= The task =
Present the count of lines in the entries below that hold "jour", and present nothing else.

**** The input

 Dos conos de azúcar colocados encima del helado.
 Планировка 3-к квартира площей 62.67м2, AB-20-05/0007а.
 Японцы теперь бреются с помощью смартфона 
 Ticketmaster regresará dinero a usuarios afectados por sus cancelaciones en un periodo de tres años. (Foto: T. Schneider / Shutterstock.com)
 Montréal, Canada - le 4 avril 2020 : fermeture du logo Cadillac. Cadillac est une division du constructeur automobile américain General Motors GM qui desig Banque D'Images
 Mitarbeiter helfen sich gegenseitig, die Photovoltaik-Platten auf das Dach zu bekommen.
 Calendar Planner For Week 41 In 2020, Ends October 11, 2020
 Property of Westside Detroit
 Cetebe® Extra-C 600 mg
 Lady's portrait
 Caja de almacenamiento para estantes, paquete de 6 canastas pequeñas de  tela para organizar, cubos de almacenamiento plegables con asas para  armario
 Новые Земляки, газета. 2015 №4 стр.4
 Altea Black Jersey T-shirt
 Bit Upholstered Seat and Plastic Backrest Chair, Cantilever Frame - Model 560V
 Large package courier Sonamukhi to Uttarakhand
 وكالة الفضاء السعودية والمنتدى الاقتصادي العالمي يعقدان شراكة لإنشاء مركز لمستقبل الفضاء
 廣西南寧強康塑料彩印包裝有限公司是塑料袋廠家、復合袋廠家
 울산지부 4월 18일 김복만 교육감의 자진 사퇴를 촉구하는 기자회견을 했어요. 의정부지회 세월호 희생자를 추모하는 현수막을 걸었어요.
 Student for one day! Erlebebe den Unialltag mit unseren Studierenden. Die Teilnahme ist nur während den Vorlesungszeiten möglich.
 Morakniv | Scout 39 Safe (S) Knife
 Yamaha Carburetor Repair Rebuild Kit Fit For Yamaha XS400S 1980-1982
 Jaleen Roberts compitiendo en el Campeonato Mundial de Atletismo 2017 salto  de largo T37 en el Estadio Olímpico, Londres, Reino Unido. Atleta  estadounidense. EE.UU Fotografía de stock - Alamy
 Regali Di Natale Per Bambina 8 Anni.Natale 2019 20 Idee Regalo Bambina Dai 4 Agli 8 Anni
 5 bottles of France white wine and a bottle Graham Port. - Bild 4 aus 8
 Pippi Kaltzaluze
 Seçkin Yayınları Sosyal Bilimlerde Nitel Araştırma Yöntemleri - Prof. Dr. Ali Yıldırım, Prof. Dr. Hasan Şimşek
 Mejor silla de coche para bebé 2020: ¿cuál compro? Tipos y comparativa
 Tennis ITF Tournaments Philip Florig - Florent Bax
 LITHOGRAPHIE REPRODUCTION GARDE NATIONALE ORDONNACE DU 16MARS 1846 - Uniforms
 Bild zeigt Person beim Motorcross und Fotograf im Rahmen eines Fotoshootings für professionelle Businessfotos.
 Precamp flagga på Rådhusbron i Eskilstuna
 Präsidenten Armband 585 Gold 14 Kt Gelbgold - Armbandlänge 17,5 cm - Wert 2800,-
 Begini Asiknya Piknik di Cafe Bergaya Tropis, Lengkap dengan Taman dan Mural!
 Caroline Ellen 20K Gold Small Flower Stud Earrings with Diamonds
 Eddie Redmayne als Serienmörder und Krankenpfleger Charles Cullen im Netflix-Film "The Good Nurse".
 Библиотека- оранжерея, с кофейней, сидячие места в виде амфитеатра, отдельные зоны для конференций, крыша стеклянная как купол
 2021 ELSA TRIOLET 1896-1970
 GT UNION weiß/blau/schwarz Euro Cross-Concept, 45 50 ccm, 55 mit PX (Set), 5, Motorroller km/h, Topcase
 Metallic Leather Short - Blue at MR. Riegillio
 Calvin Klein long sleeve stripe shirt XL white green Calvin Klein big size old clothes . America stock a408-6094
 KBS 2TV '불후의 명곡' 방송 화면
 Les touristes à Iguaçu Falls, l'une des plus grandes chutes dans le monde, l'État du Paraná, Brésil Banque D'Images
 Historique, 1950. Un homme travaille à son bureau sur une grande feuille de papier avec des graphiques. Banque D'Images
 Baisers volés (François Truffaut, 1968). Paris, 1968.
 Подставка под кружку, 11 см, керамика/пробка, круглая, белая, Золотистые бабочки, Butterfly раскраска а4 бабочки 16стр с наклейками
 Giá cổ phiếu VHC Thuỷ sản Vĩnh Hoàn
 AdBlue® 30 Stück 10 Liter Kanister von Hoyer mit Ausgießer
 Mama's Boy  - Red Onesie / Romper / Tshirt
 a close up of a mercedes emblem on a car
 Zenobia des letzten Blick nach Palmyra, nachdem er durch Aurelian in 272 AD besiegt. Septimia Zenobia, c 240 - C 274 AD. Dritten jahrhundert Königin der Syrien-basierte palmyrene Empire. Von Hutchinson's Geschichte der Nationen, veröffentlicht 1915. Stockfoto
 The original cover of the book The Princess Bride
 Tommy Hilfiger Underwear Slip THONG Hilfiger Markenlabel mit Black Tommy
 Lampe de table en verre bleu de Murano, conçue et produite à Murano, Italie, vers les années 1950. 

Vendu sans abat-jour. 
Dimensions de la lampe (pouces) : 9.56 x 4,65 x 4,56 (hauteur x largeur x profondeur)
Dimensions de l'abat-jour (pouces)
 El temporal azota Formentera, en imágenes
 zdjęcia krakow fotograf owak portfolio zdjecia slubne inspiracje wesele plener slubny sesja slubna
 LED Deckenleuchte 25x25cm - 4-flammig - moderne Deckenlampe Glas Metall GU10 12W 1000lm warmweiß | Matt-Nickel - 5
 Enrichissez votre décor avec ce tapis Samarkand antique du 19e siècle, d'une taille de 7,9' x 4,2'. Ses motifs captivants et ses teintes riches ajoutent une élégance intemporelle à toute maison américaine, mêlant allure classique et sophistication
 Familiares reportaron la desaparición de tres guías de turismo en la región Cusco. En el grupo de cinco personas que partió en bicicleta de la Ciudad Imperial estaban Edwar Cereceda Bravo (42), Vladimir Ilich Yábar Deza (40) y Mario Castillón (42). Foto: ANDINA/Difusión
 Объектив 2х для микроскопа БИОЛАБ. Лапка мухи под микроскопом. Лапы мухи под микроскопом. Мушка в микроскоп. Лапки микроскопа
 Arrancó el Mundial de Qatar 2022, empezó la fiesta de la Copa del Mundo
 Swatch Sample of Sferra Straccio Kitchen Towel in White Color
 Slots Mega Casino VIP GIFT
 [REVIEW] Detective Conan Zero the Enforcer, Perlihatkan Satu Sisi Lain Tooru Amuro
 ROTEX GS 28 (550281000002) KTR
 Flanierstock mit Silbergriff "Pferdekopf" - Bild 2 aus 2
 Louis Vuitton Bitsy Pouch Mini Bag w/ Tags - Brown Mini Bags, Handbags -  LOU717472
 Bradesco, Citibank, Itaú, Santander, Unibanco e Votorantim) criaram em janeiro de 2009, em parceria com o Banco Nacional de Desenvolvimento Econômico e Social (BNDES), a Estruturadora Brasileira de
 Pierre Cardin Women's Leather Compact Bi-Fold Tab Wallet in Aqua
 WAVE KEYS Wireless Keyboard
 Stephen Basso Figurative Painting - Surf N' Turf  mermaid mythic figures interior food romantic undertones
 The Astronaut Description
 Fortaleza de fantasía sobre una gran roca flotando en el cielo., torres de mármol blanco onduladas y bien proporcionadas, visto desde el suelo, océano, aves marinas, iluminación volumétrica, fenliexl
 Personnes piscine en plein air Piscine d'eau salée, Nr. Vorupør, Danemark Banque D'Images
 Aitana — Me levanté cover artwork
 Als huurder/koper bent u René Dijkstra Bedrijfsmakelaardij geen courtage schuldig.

********

= Solution for this task =
2